Exercise:
The answer must be the full listing, word for word, with no pictures in it.

Data shown:
== Segment start ==

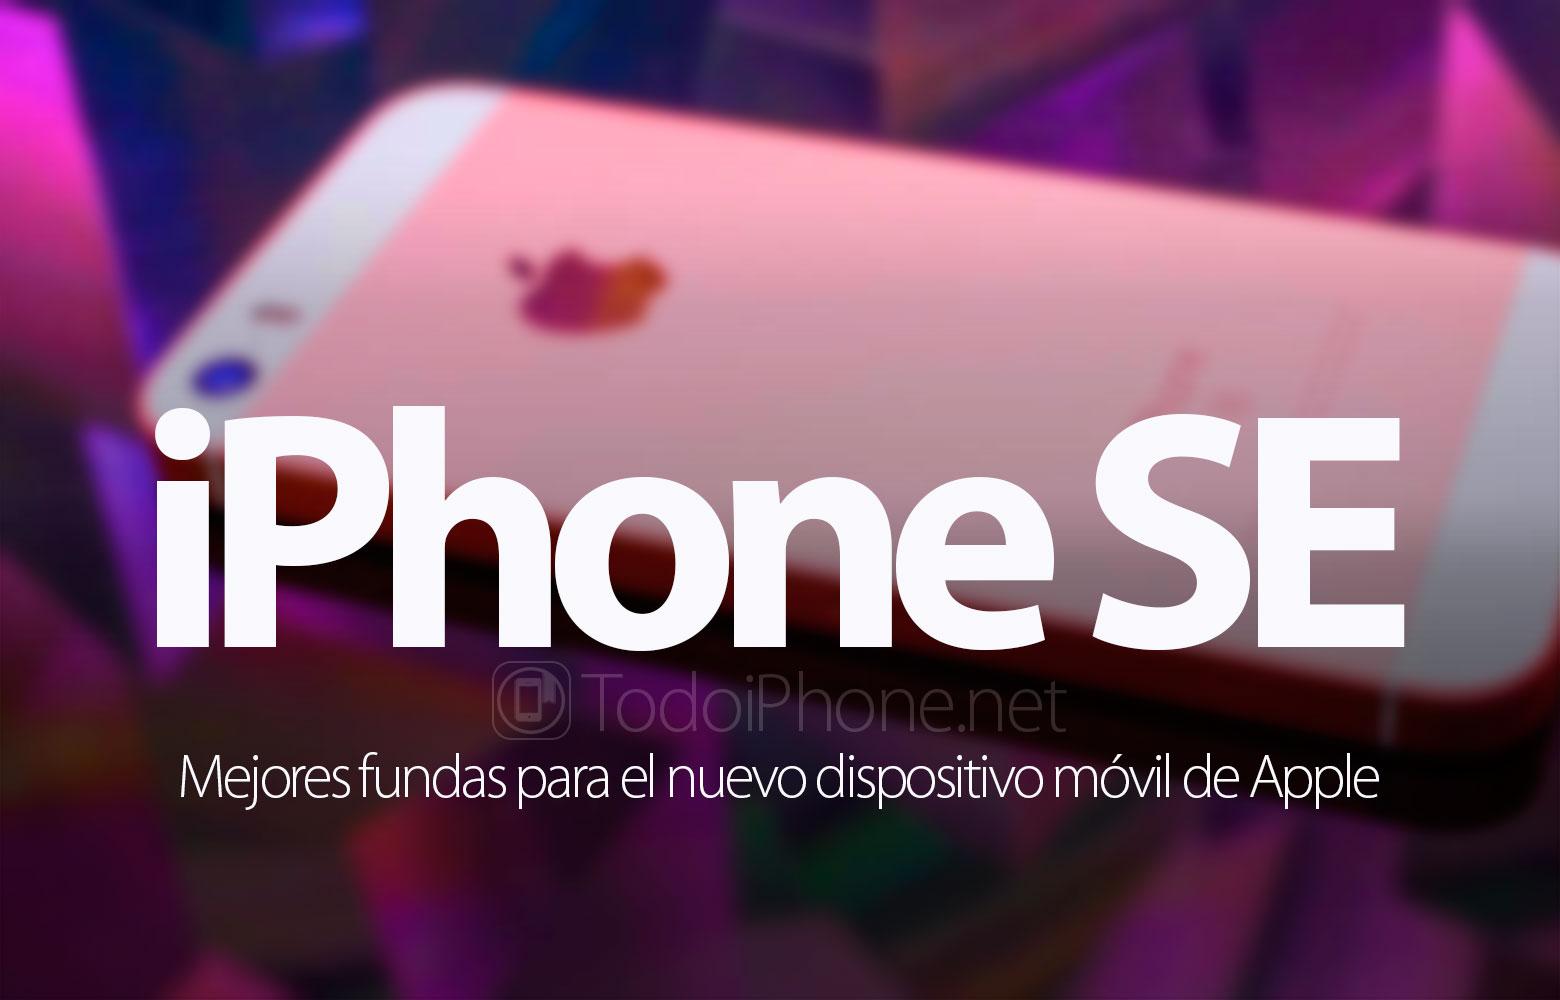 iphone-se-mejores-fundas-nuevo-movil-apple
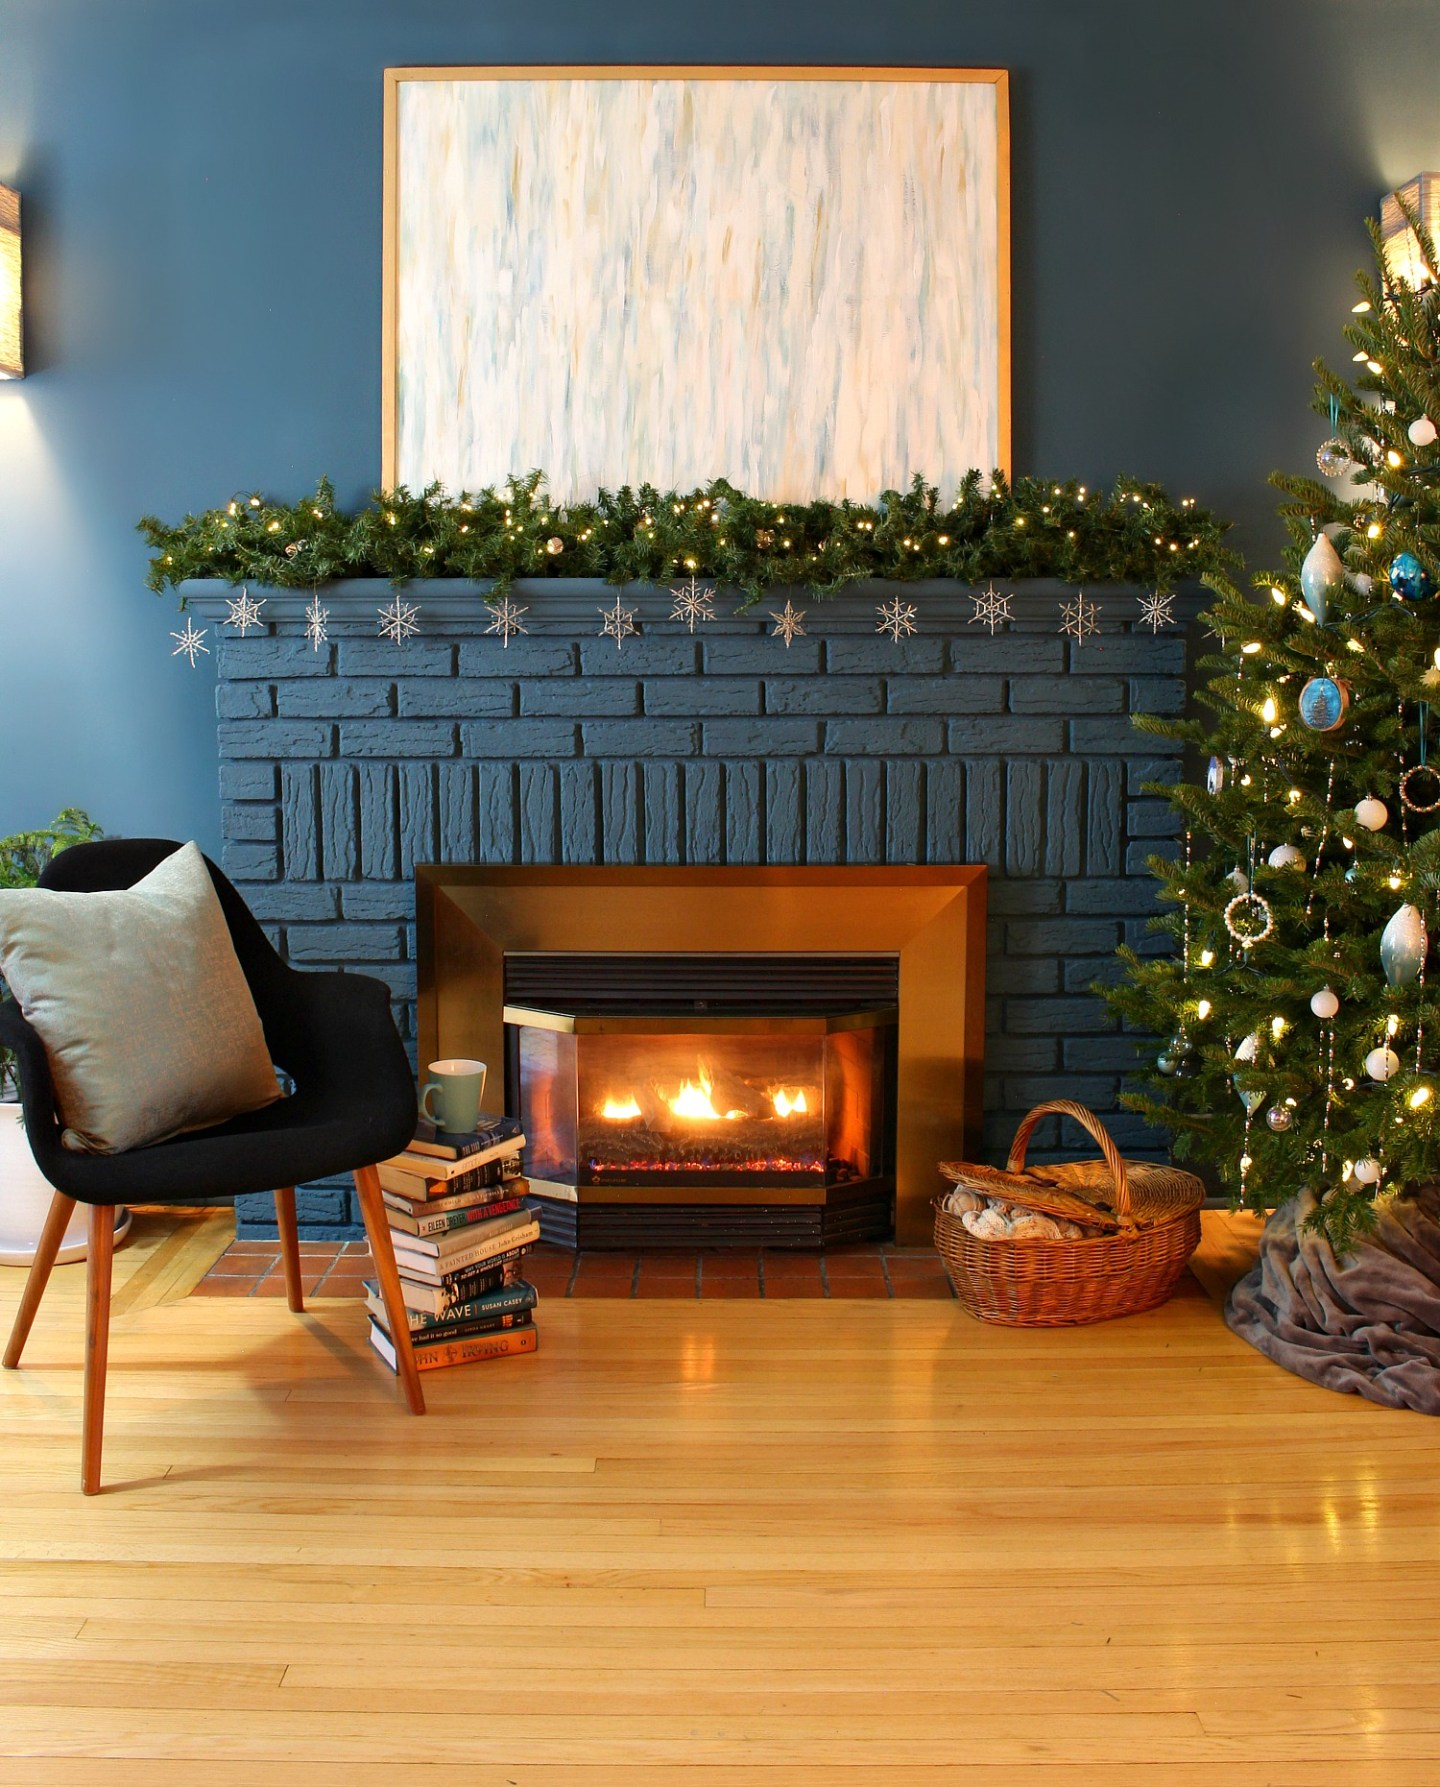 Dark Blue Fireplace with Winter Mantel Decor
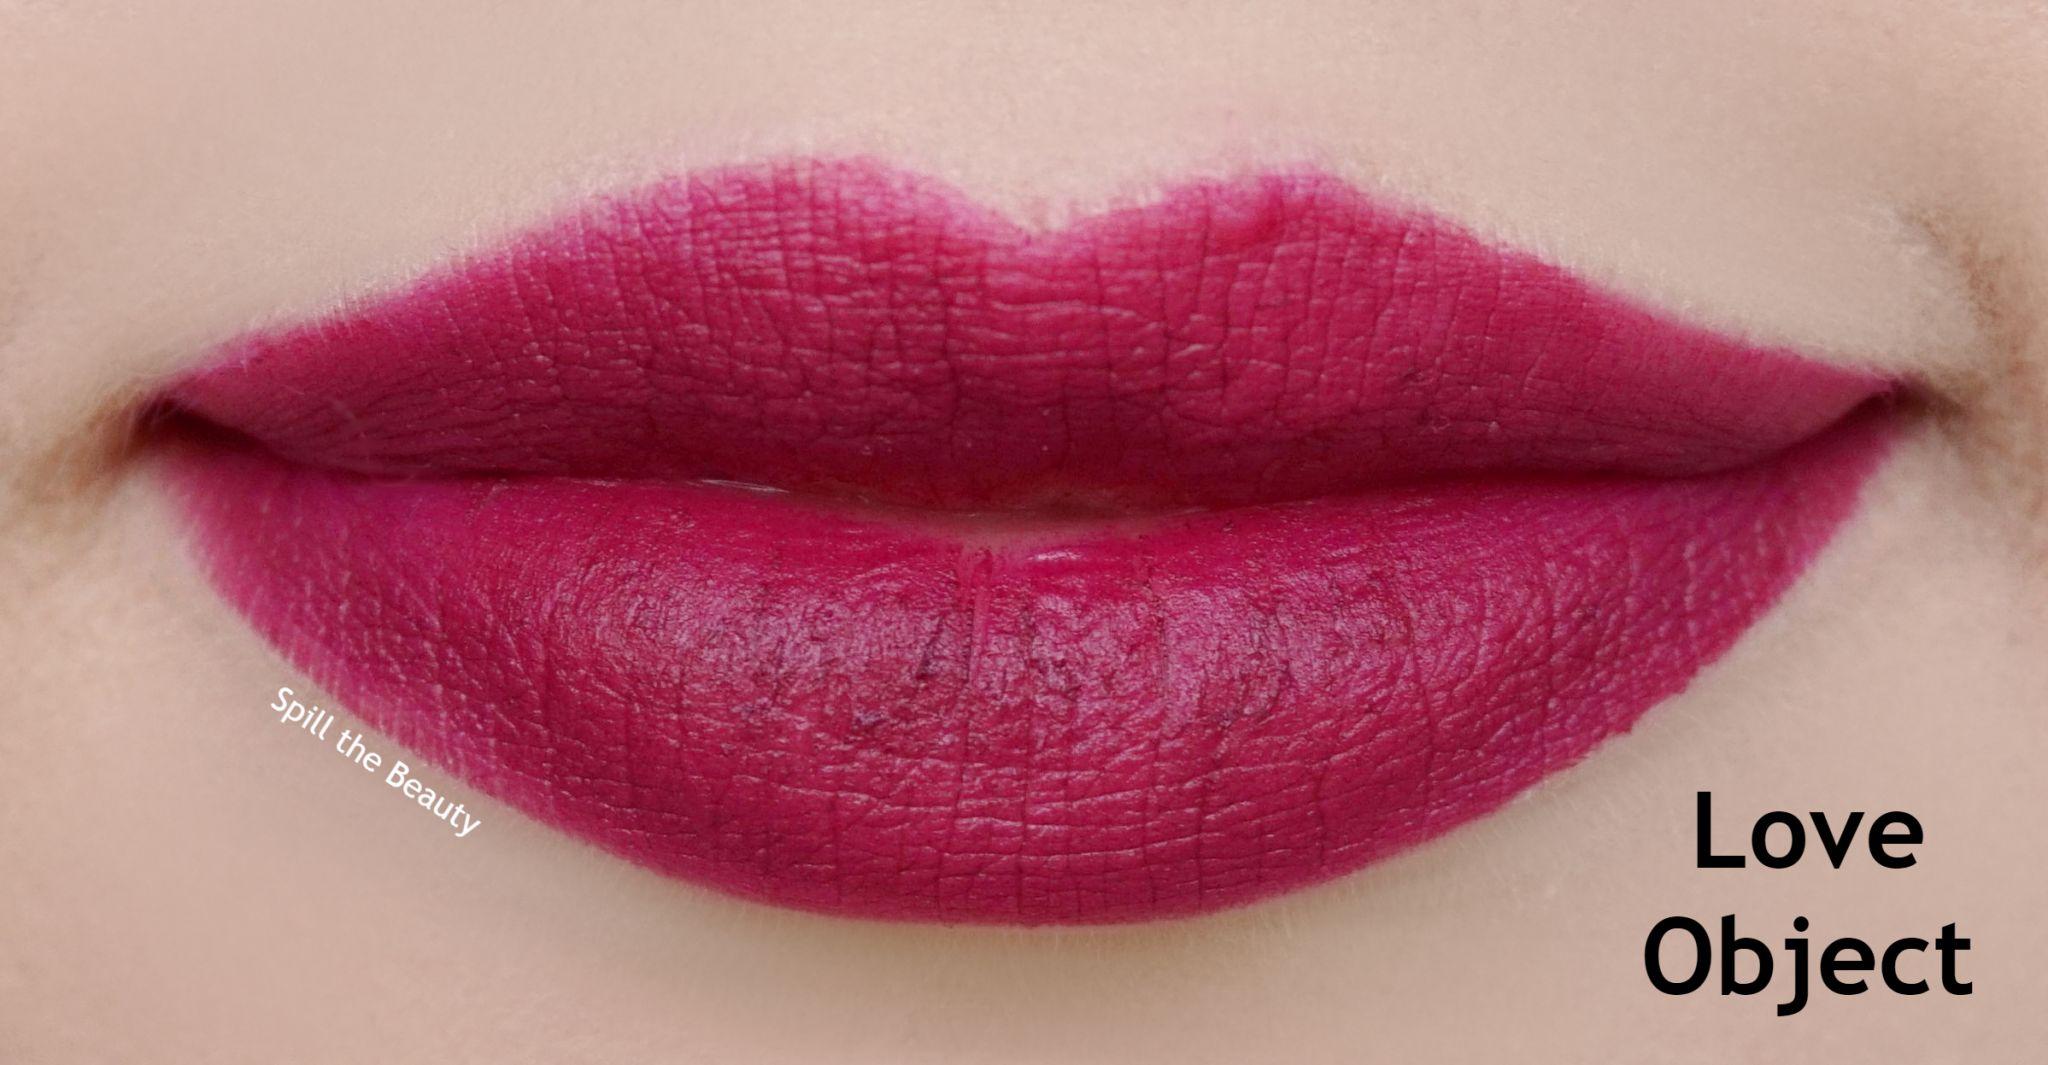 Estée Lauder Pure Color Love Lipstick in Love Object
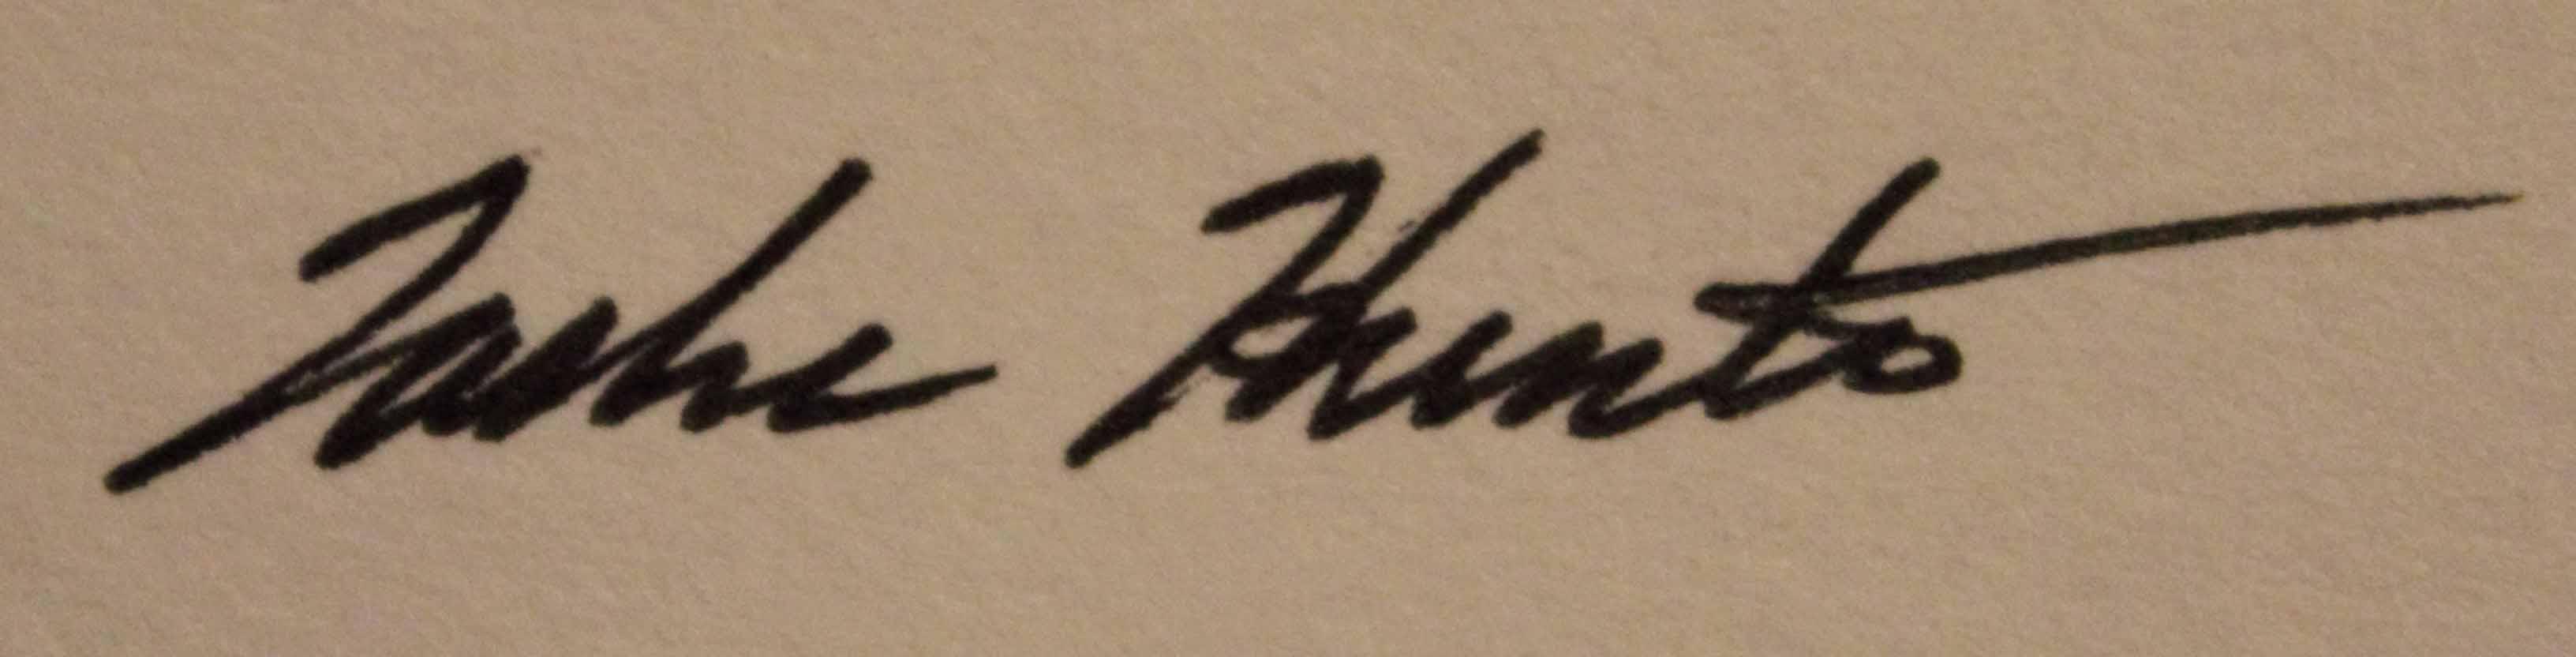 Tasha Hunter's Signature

== Segment end ==

Solved problem:
 iphone-se-mejores-fundas-nuevo-movil-apple
 Dark Blue Fireplace with Winter Mantel Decor
 Estée Lauder Pure Color Love Lipstick in Love Object
 Tasha Hunter's Signature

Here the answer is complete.